Self-Directed Synthetic Dialogues and Revisions Technical Report
Nathan Lambert, Hailey Schoelkopf, Aaron Gokaslan, Luca Soldaini, Valentina Pyatkin, Louis Castricato
TL;DR
The paper addresses the scarcity of open, multi-turn synthetic data for fine-tuning language models by introducing Self-Directed Synthetic Dialogues (SDSD), a procedurally generated, topic-principled dialogue dataset created from open models (DBRX, Llama 2 70B, Mistral Large). SDSD uses an initial plan as a system prompt to guide self-chat between two instances of the same model, and employs a critique–revision loop to produce a SDSD-Revisions (SDSD-R) dataset that encodes preference data. Building on RLHF and Constitutional AI, the authors detail the data-creation workflow, model prompts, and evaluation of dialogue properties (e.g., turn length, principle violations). The work demonstrates the feasibility of generating long-form, open-model synthetic data and discusses practical considerations, limitations, and future directions for employing SDSD/SDSD-R in open-model fine-tuning and alignment research.
Abstract
Synthetic data has become an important tool in the fine-tuning of language models to follow instructions and solve complex problems.

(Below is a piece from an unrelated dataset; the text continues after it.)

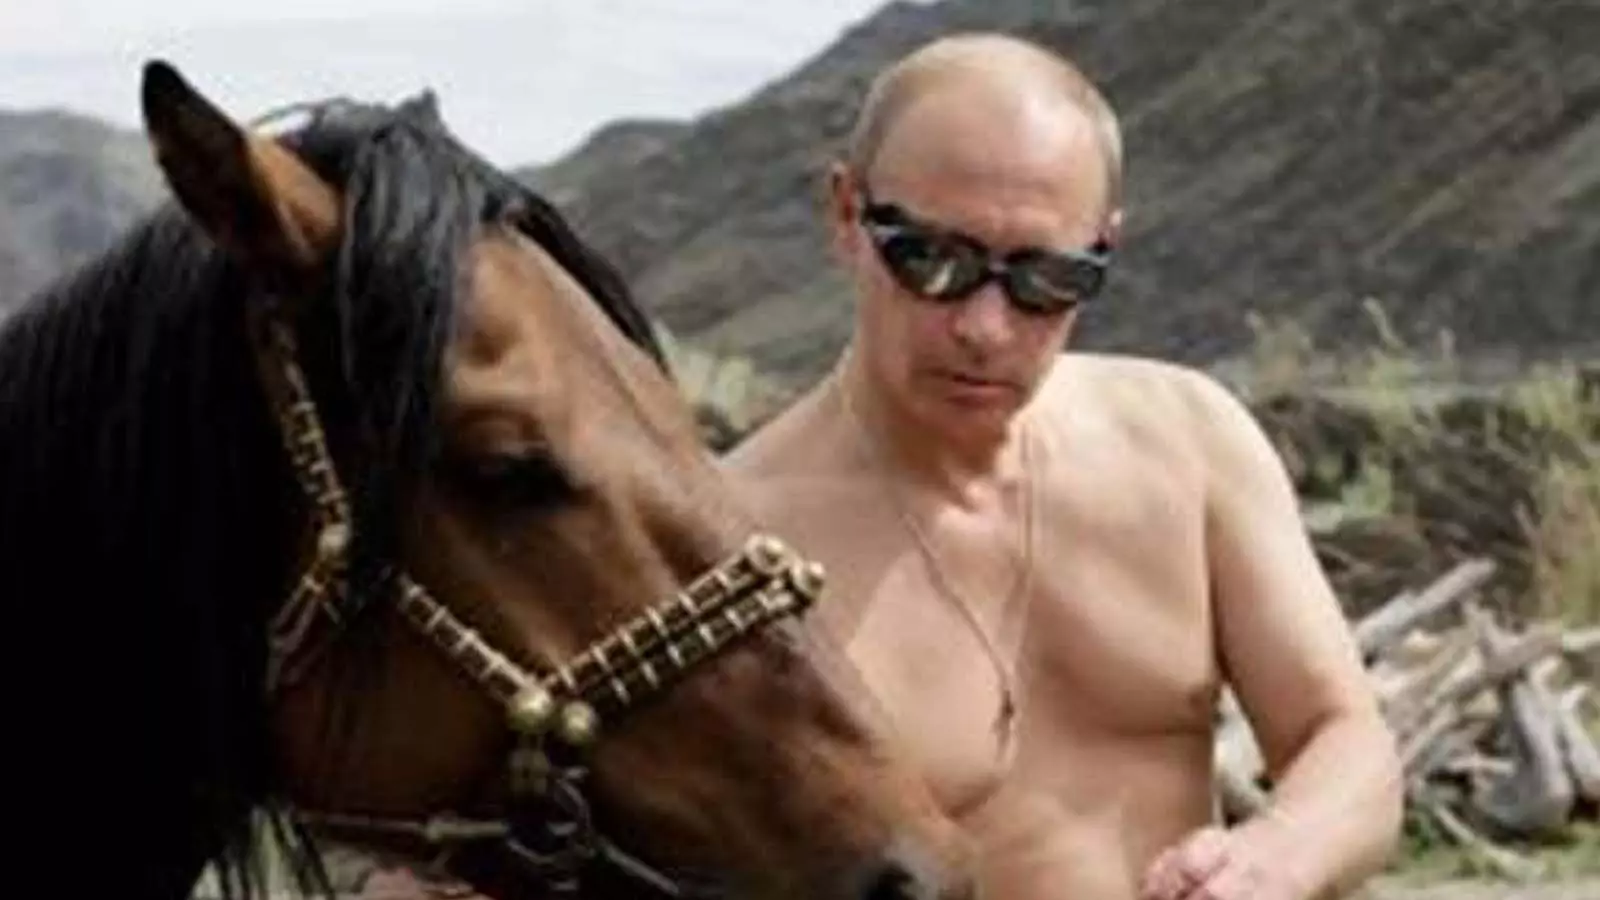 Russias sexiest man Vladimir Putin

Nevertheless, the majority of open data to date is often lacking multi-turn data and collected on closed models, limiting progress on advancing open fine-tuning methods. We introduce Self Directed Synthetic Dialogues (SDSD), an experimental dataset consisting of guided conversations of language models talking to themselves. The dataset consists of multi-turn conversations generated with DBRX, Llama 2 70B, and Mistral Large, all instructed to follow a conversation plan generated prior to the conversation. We also explore including principles from Constitutional AI and other related works to create synthetic preference data via revisions to the final conversation turn. We hope this work encourages further exploration in multi-turn data and the use of open models for expanding the impact of synthetic data.